[[ Supplied material open ]]

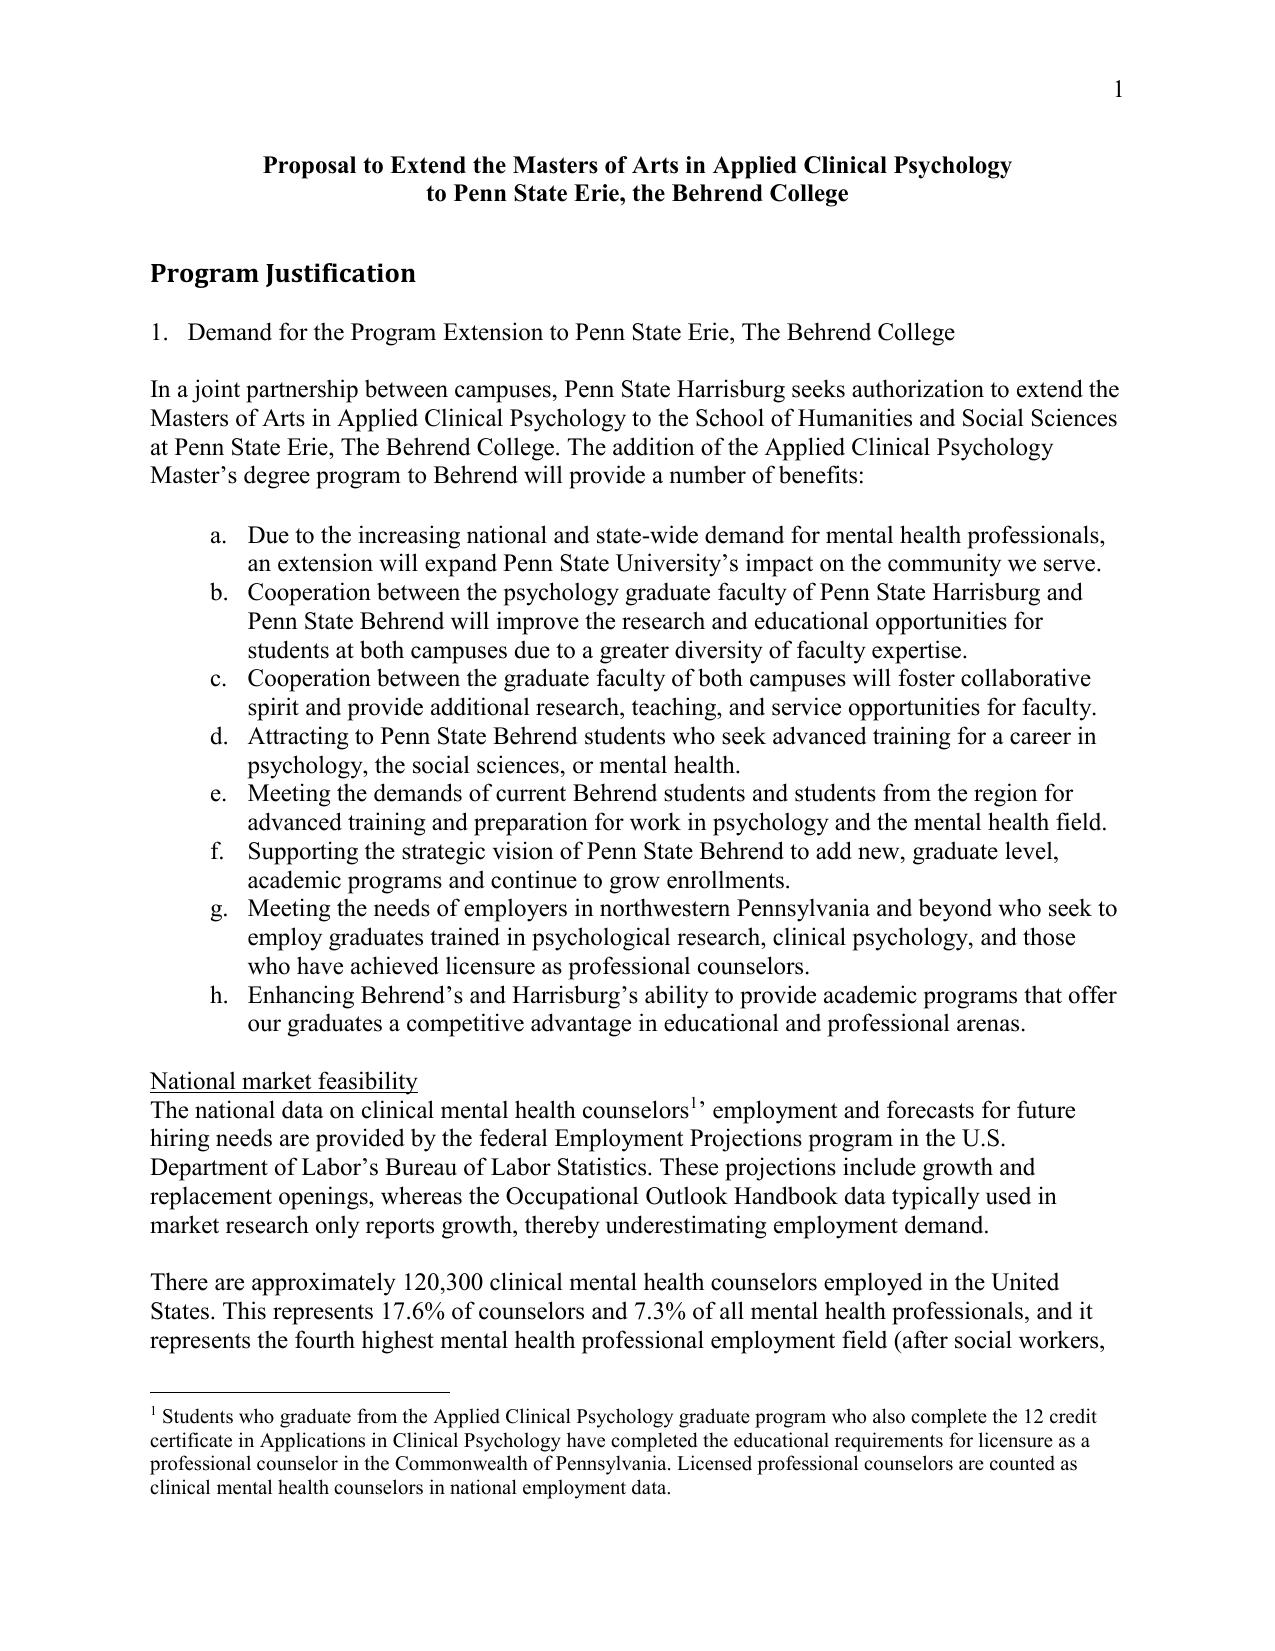 Program justification penn state behrend 1betcityfo Choice Image
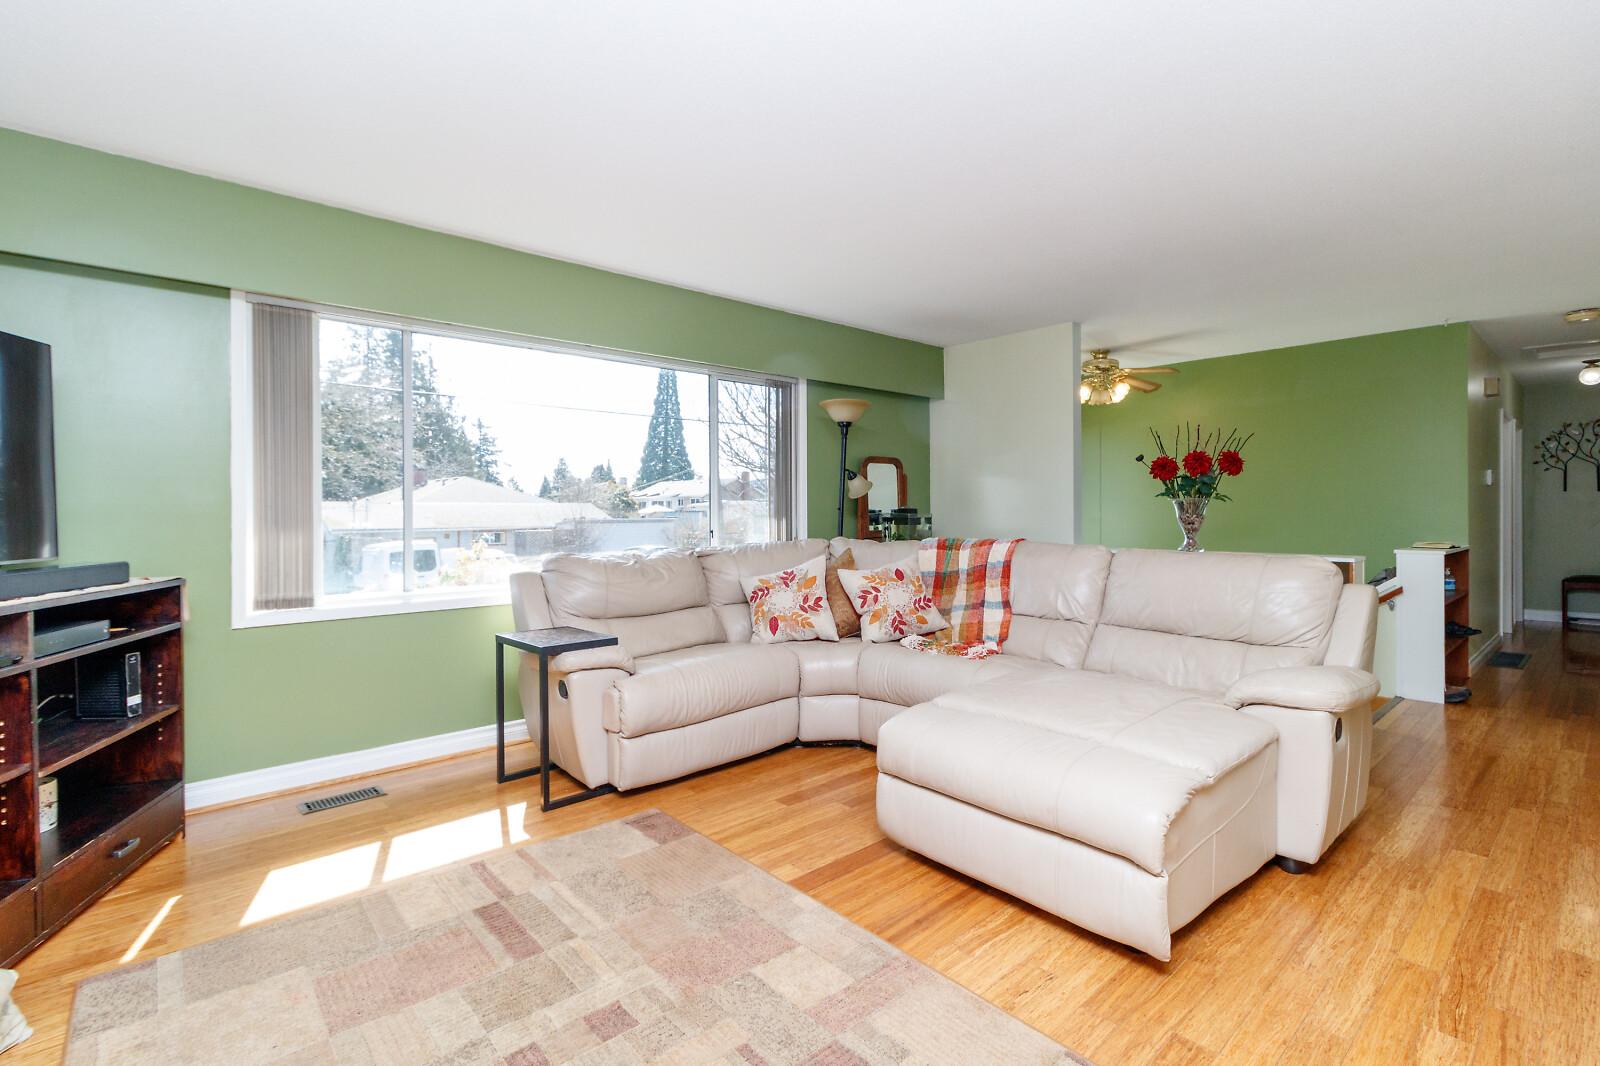 3025 Dogwood Rd, Duncan, British Columbia  V9L 6R5 - Photo 3 - 871254
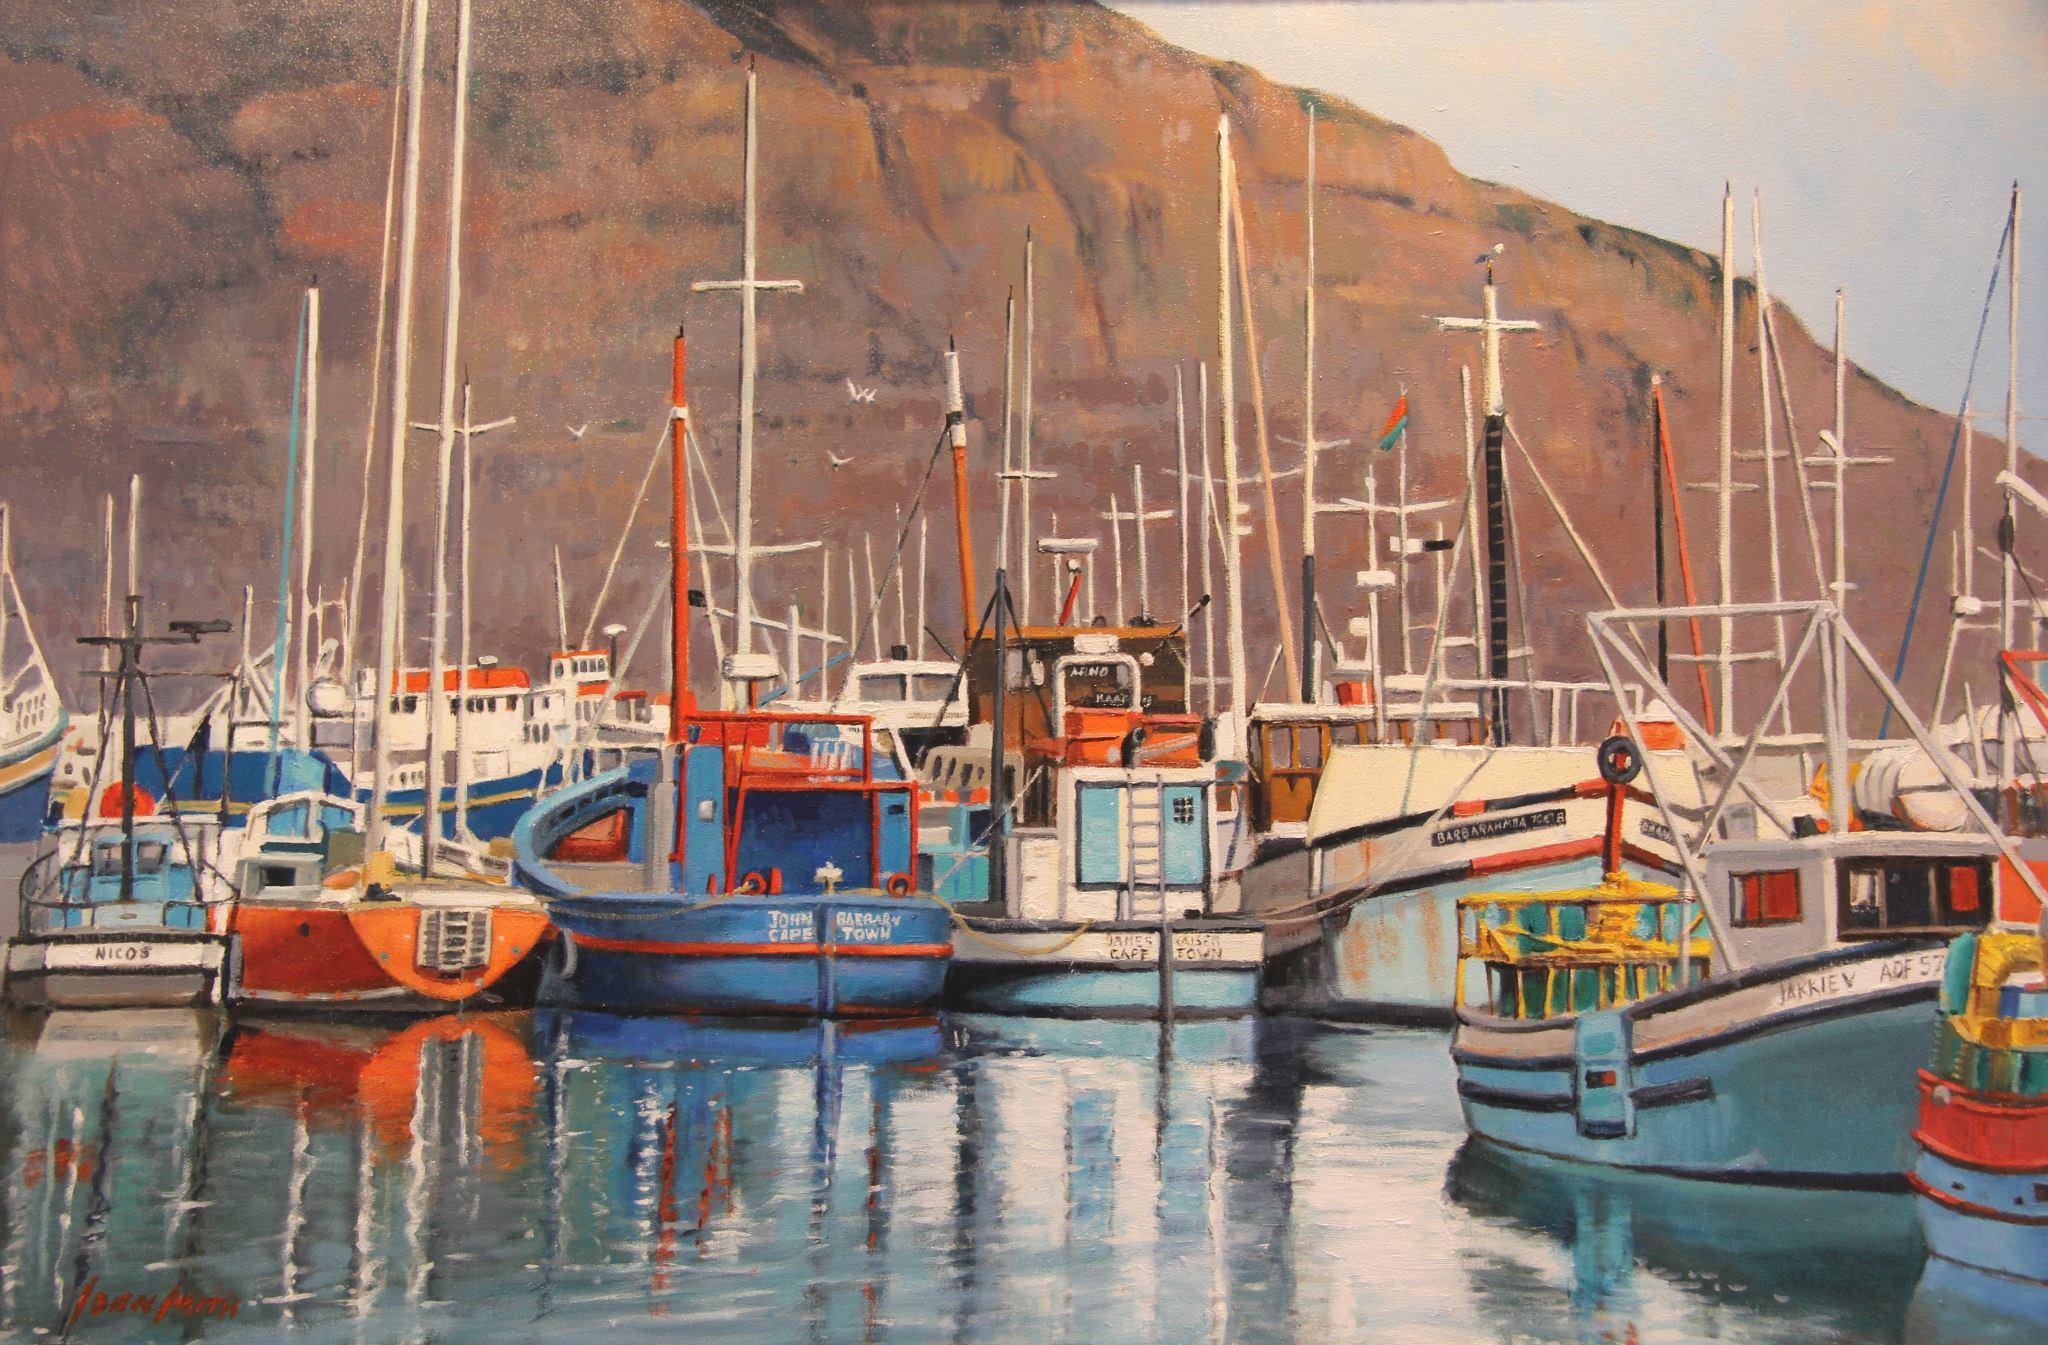 'Trawlers at Hout Bay'
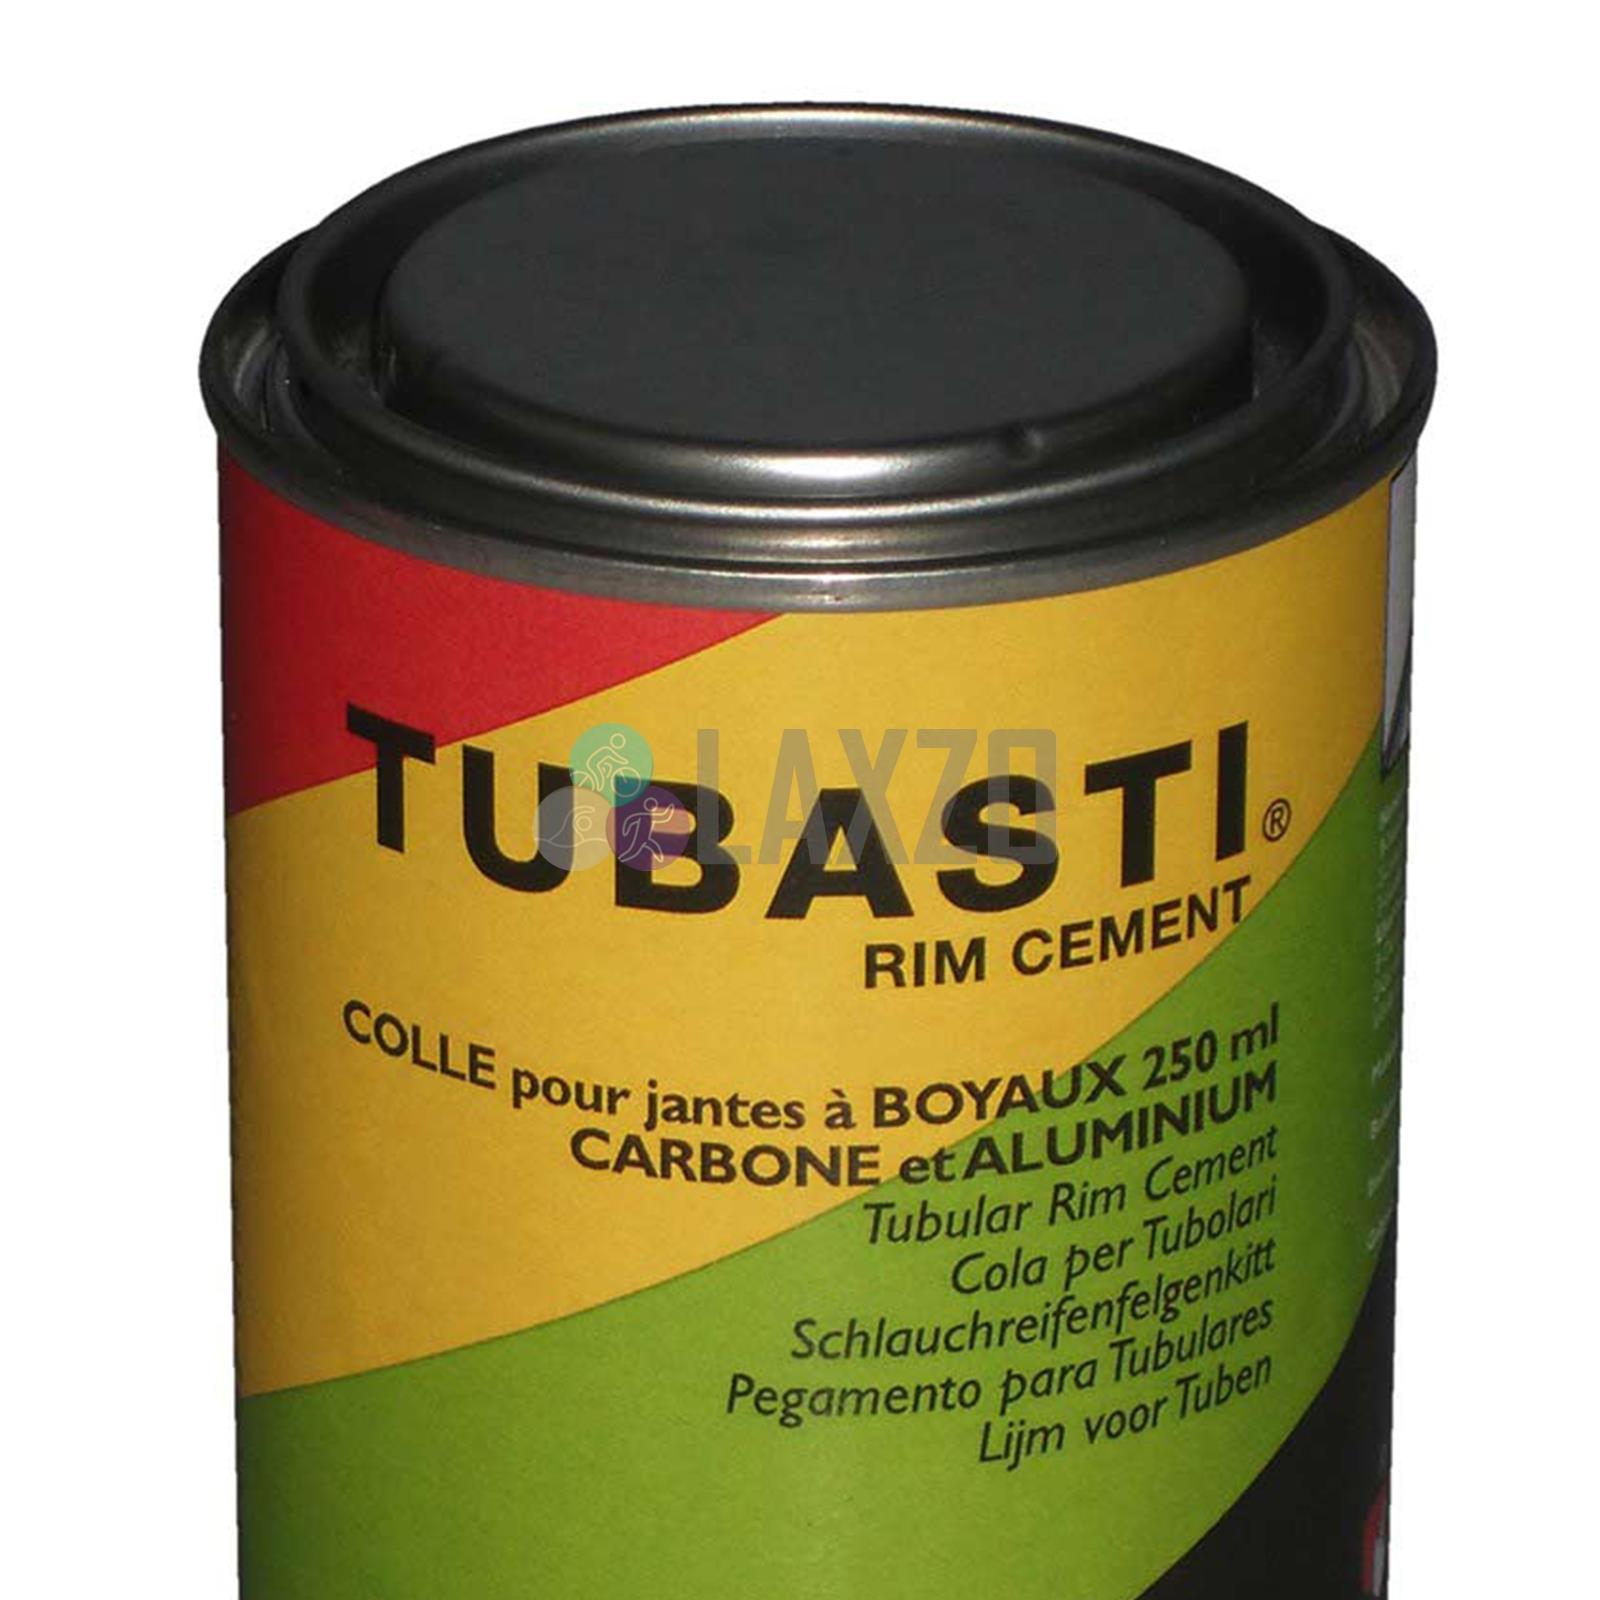 Velox Tubasti Tub Glue 178g

[[ Supplied material closed ]]

Omitting all images, print the listing exactly.

 Program justification penn state behrend 1betcityfo Choice Image
 3025 Dogwood Rd, Duncan, British Columbia  V9L 6R5 - Photo 3 - 871254
 'Trawlers at Hout Bay'
 Velox Tubasti Tub Glue 178g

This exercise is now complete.